* **GIVEN DATA**
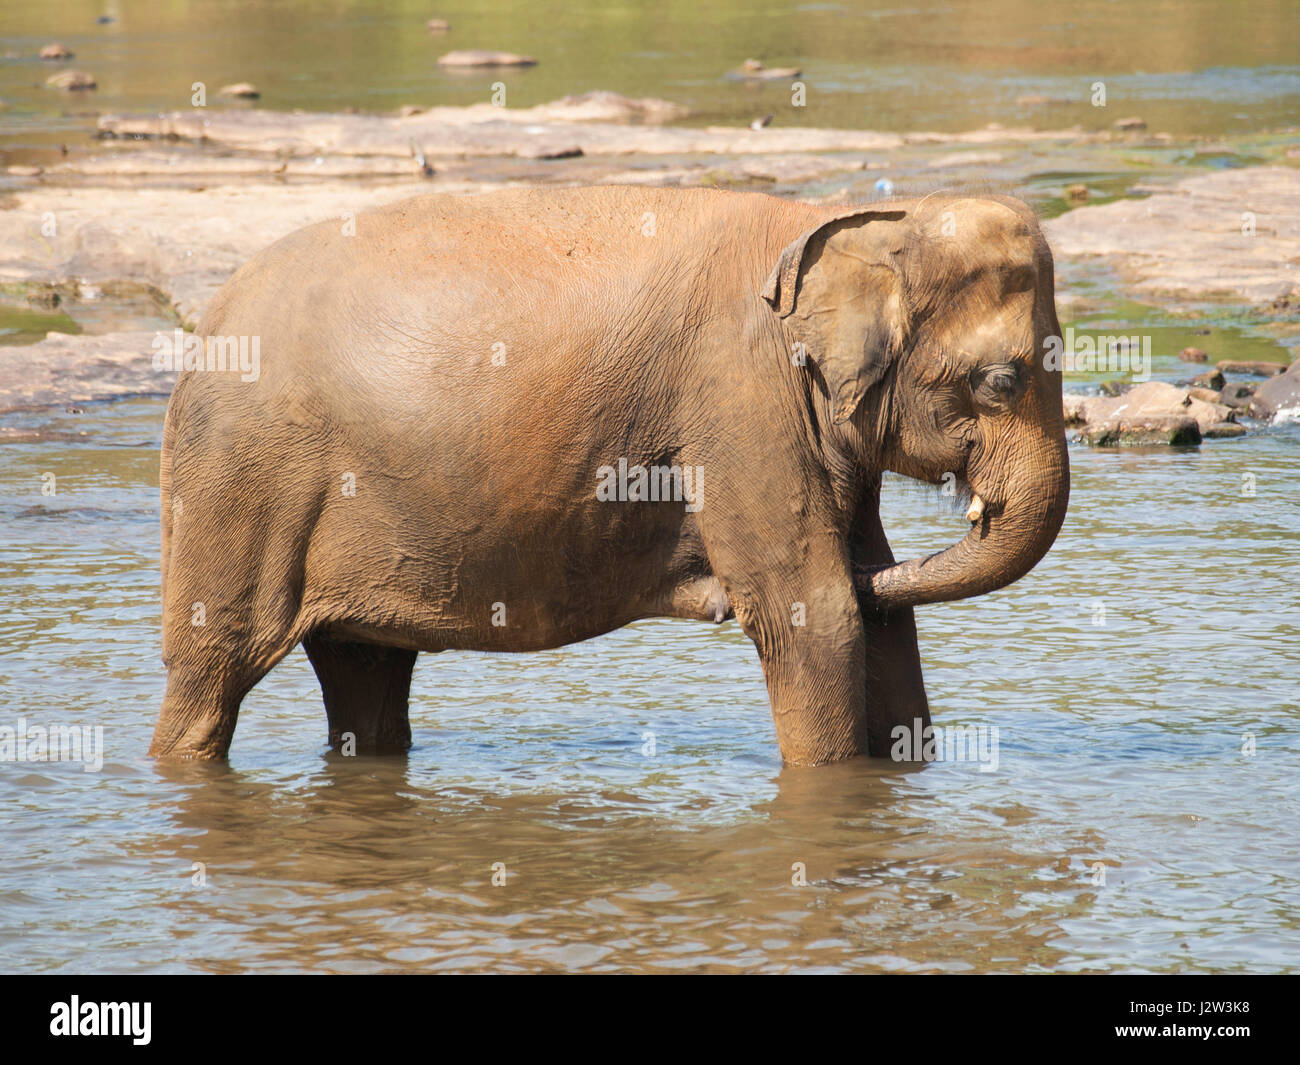 Adult asian elephants having bath in river - Elephas maximus Stock Photo
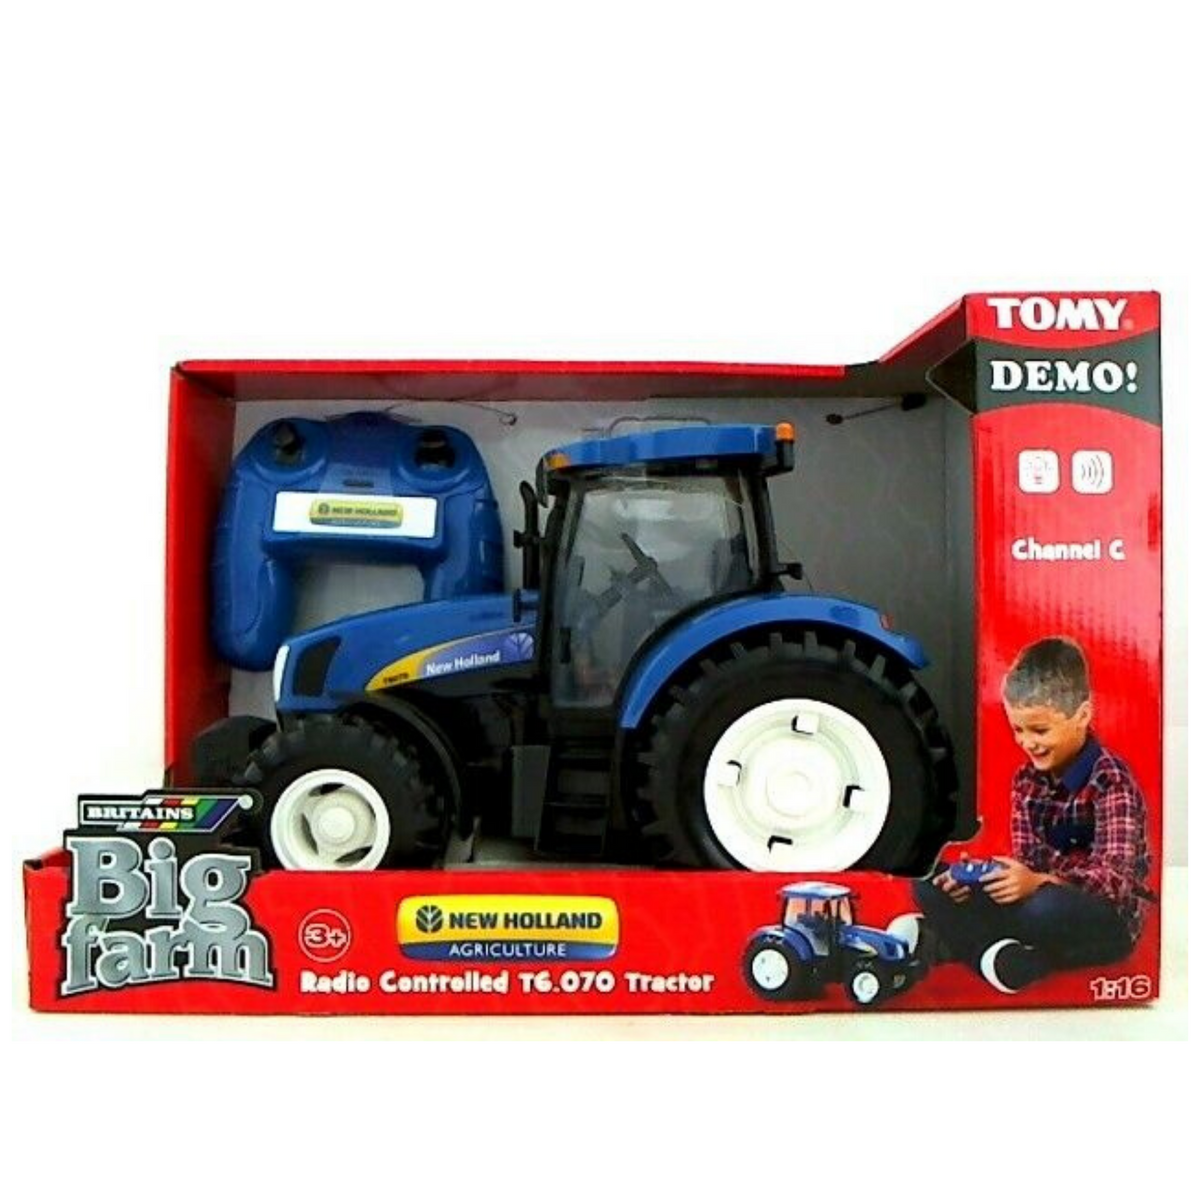 big farm remote control tractor
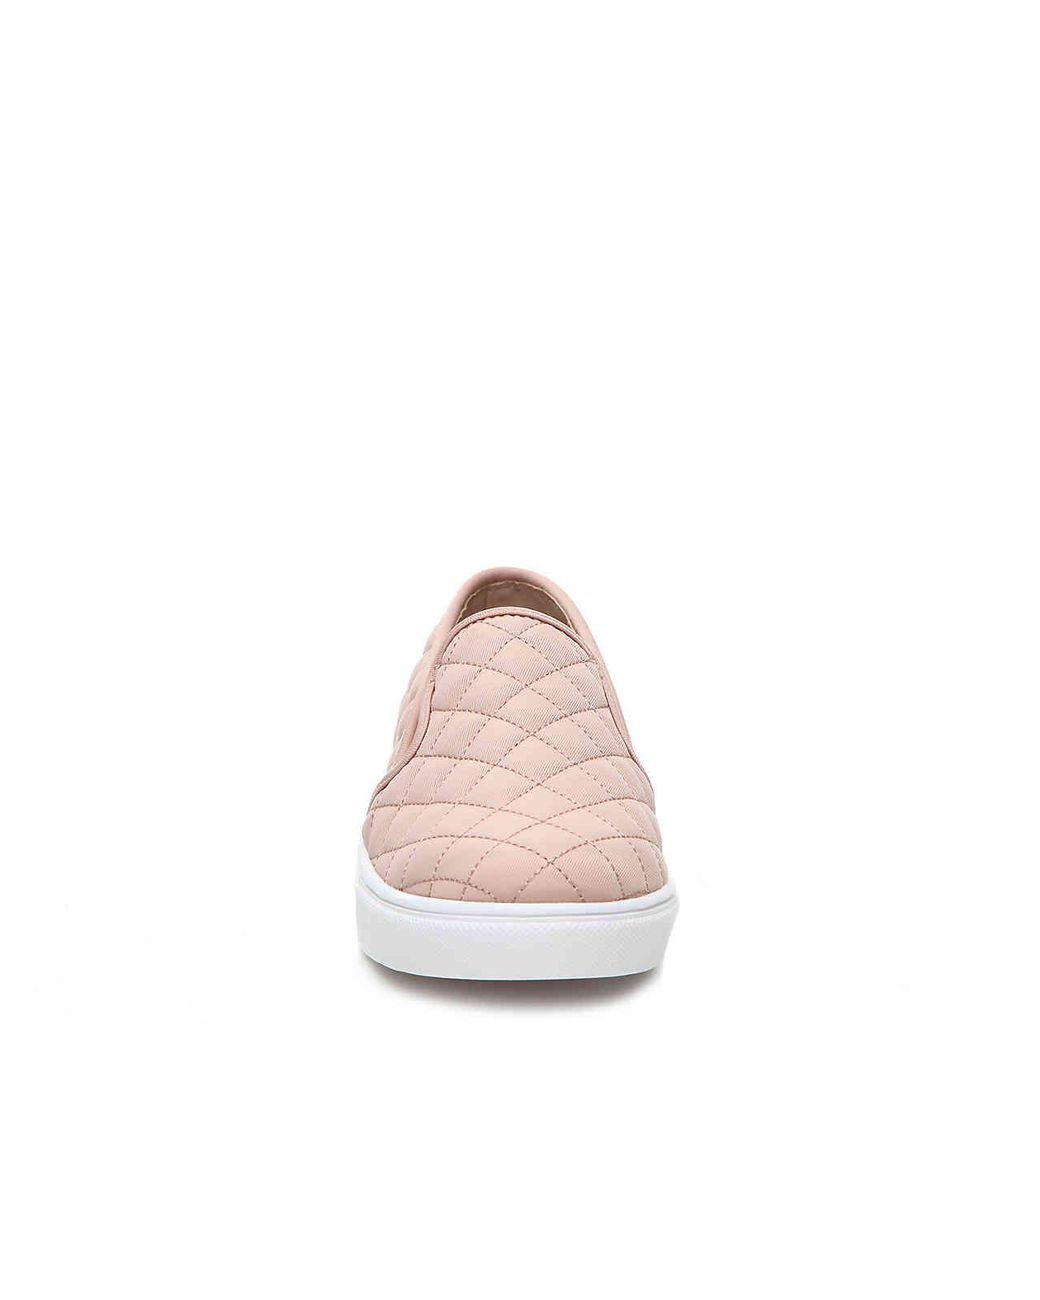 Steve Madden Leather Ecentrcq Slip-on Sneaker in Blush (Pink) | Lyst

* **REQUIRED WORK**
From the material above, print everything exactly except the pictures.

* **ANSWER AREA**
 Adult asian elephants having bath in river - Elephas maximus Stock Photo
 big farm remote control tractor
 Steve Madden Leather Ecentrcq Slip-on Sneaker in Blush (Pink) | Lyst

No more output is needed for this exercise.